======== Records for processing

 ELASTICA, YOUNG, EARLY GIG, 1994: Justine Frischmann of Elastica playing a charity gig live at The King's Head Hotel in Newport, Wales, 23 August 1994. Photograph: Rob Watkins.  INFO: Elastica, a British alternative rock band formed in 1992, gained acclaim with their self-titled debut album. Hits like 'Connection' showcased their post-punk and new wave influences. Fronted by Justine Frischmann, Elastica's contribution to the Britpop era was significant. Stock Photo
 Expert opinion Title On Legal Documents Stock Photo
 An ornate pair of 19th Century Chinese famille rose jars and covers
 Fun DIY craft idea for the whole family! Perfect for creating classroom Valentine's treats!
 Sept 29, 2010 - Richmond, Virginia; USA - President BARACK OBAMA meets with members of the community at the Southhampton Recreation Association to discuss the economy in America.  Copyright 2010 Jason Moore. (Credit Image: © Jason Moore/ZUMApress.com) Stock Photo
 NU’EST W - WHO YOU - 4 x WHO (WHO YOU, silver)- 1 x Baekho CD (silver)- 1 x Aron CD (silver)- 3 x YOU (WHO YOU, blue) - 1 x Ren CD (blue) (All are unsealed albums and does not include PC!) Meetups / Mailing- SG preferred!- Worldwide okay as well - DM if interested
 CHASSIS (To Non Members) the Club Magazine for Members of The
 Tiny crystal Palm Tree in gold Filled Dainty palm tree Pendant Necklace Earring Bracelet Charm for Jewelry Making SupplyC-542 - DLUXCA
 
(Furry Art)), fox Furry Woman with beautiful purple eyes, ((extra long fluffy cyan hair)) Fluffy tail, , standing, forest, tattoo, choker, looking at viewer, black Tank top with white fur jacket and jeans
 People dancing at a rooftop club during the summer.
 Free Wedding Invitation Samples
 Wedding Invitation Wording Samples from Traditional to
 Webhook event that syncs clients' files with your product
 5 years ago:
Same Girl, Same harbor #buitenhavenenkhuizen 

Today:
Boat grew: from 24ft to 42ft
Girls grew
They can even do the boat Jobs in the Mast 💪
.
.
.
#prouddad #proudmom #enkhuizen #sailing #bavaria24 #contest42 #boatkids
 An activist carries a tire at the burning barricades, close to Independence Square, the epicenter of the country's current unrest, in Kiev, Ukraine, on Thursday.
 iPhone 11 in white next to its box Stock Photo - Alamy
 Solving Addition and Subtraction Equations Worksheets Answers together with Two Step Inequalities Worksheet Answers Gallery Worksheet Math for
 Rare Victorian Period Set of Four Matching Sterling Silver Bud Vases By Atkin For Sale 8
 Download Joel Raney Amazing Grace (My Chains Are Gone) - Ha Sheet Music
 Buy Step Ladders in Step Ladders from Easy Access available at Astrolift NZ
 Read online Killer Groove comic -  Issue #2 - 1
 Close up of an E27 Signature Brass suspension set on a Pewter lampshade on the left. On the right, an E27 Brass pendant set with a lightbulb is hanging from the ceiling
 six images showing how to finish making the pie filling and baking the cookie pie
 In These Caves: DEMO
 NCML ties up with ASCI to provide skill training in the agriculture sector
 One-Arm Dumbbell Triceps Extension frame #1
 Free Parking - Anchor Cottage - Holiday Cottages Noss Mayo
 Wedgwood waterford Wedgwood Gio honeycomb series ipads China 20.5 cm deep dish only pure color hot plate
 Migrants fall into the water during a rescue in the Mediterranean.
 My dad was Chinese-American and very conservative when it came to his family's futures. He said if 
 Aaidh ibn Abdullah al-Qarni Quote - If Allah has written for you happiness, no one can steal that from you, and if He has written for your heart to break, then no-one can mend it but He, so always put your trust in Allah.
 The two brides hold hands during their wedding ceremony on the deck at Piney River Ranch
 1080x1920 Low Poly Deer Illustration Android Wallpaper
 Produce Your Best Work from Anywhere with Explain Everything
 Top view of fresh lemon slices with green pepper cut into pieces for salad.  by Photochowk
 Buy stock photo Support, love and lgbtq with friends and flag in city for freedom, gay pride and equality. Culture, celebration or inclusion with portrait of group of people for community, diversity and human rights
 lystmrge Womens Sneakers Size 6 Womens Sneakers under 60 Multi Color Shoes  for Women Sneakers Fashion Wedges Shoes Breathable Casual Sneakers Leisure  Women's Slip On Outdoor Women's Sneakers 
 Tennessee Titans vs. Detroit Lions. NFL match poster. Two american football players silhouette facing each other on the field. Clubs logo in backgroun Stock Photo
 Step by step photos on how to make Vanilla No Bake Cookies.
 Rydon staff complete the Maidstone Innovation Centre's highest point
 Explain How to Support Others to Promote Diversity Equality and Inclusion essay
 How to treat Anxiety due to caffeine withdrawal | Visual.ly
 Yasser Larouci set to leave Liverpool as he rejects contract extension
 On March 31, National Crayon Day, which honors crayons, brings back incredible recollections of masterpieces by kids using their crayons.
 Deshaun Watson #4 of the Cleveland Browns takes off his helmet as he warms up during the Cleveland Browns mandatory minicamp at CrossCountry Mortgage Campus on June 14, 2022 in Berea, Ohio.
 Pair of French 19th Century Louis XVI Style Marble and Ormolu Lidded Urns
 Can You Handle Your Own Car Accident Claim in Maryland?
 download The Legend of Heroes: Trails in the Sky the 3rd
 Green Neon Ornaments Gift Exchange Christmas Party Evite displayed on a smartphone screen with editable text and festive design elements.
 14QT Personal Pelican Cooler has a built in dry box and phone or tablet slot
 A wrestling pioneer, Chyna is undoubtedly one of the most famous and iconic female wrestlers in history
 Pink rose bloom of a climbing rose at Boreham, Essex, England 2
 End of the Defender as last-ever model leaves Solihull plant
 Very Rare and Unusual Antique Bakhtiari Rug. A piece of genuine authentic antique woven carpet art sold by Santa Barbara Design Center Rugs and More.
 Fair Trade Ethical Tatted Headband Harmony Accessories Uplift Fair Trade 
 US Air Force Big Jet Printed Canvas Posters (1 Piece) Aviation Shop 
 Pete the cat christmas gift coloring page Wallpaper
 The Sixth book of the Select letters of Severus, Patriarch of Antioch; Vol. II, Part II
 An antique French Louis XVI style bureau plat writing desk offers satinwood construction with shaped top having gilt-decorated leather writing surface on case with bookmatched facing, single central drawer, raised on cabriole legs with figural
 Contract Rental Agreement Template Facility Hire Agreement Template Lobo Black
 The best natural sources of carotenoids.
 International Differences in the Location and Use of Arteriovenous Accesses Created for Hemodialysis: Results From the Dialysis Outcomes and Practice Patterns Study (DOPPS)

================

Action item:
Among the entries, how many lines contain the string "French"? Give the number without anything else.

Output for this exercise:
2